LAG(expr [ , N [ , defaultExpr]]) [ IGNORE NULLS | RESPECT NULLS ] OVER [ window-definition ]

Parameters

expr

An expression that is evaluated on a record.

N

The number of records before the current record to query. The default is 1.

defaultExpr

An expression of the same type as expr that is returned if the record queried (n before the current record) falls outside the window. If not specified, null is returned for values that fall outside the window.

Note

The defaultExpr expression doesn't replace actual null values returned from the source stream.

IGNORE NULLS

A clause that specifies that null values are not counted when determining the offset. For example, suppose that LAG(expr, 1) is queried, and the previous record has a null value for expr. Then the second record previous is queried, and so on.

RESPECT NULLS

A clause that specifies that null values are counted when determining the offset. This behavior is the default.

OVER window-specification

A clause that divides records in a stream partitioned by the time range interval or the number of records. A window specification defines how records in the stream are partitioned, whether by the time range interval or the number of records.

Example

Example Dataset

The examples following are based on the sample stock dataset that is part of Getting Started Exercise in the Amazon Kinesis Analytics Developer Guide. To run each example, you need an Amazon Kinesis Analytics application that has the input stream for the sample stock ticker. To learn how to create an Analytics application and configure the input stream for the sample stock ticker, see Getting Started Exercise in the Amazon Kinesis Analytics Developer Guide.

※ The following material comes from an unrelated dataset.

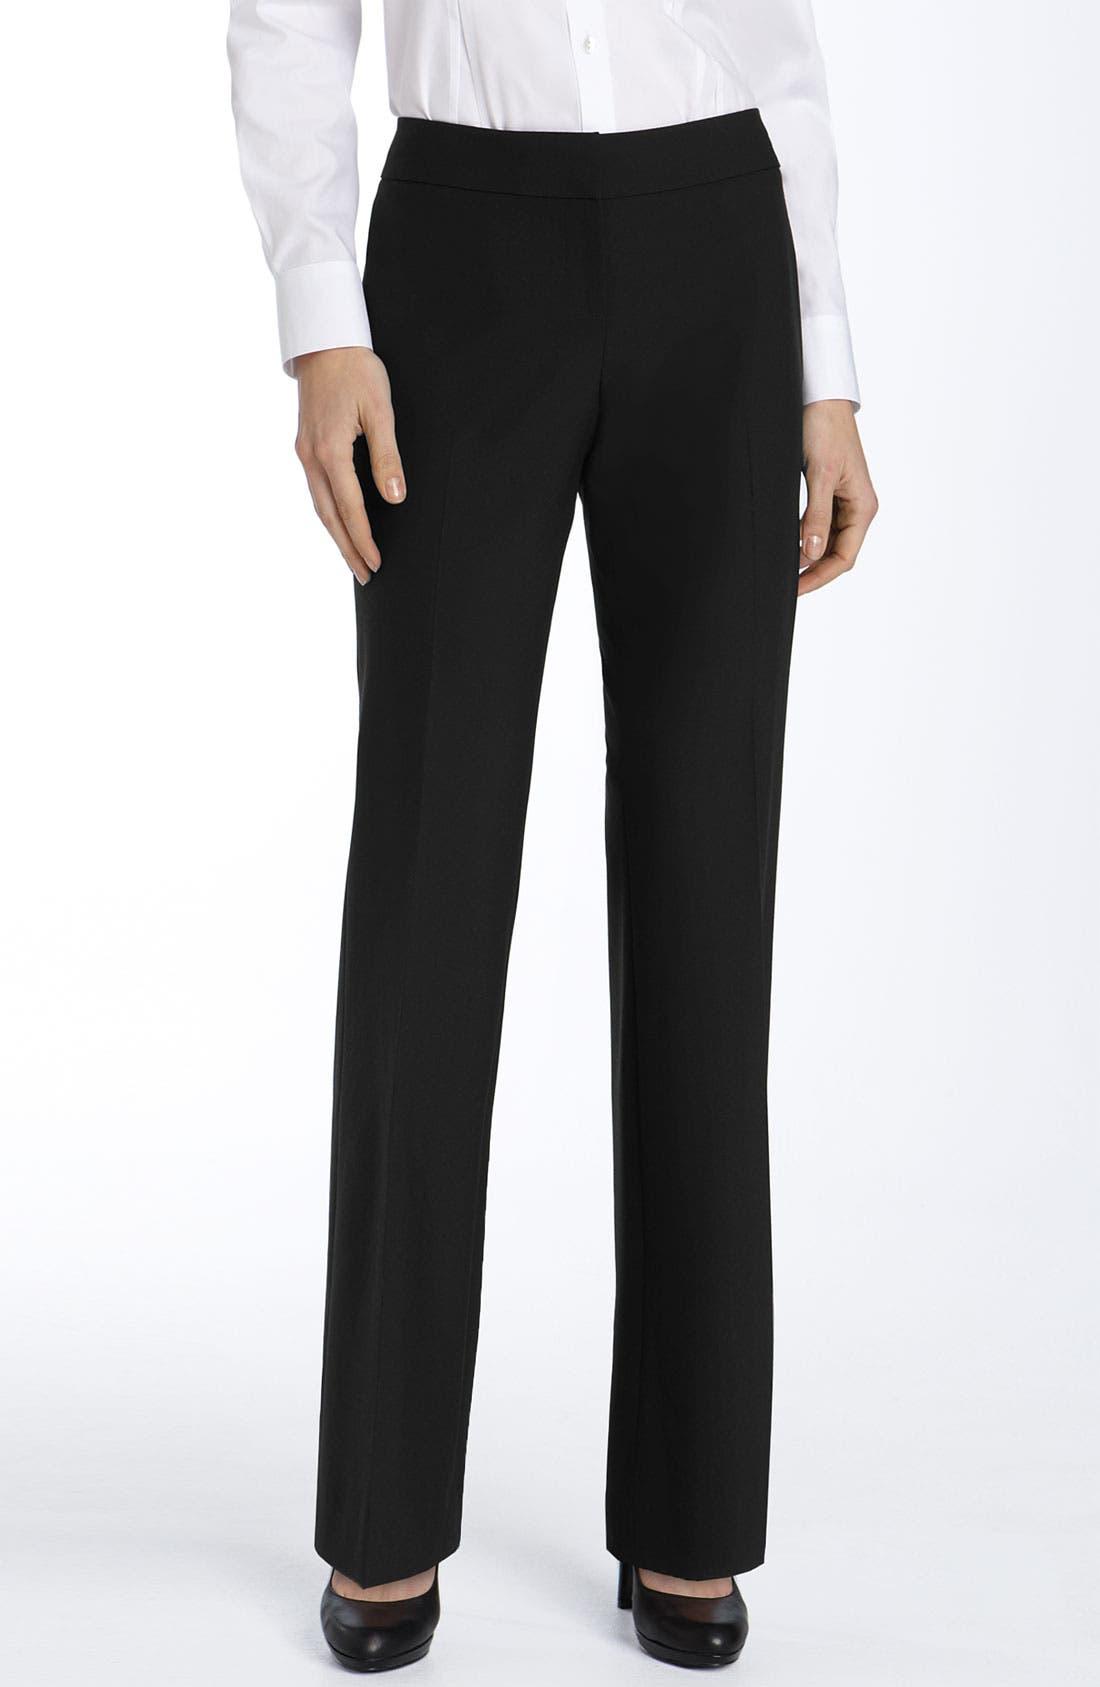 Alternate Image 1 Selected - Halogen® 'Taylor' Straight Leg Pants (Petite)

The sample stock dataset has the schema following.

(ticker_symbol VARCHAR(4), sector VARCHAR(16), change REAL, price REAL)

Example 1: Return Values from Previous Records in an OVER Clause

In this example, the OVER clause divides records in a stream partitioned by the time range interval of '1' minute preceding. The LAG function then retrieves price values from the two previous records that contain the given ticker symbol, skipping records if price is null.

CREATE OR REPLACE STREAM "DESTINATION_SQL_STREAM" ( ticker_symbol VARCHAR(4), price DOUBLE, previous_price DOUBLE, previous_price_2 DOUBLE); CREATE OR REPLACE PUMP "STREAM_PUMP" AS INSERT INTO "DESTINATION_SQL_STREAM" SELECT STREAM ticker_symbol, price, LAG(price, 1, 0) IGNORE NULLS OVER ( PARTITION BY ticker_symbol RANGE INTERVAL '1' MINUTE PRECEDING), LAG(price, 2, 0) IGNORE NULLS OVER ( PARTITION BY ticker_symbol RANGE INTERVAL '1' MINUTE PRECEDING) FROM "SOURCE_SQL_STREAM_001"

The preceding example outputs a stream similar to the following.

Table showing stock data with columns for time, ticker symbol, price, and previous prices.

Notes

LAG is not part of the SQL:2008 standard. It is an Amazon Kinesis Data Analytics streaming SQL extension.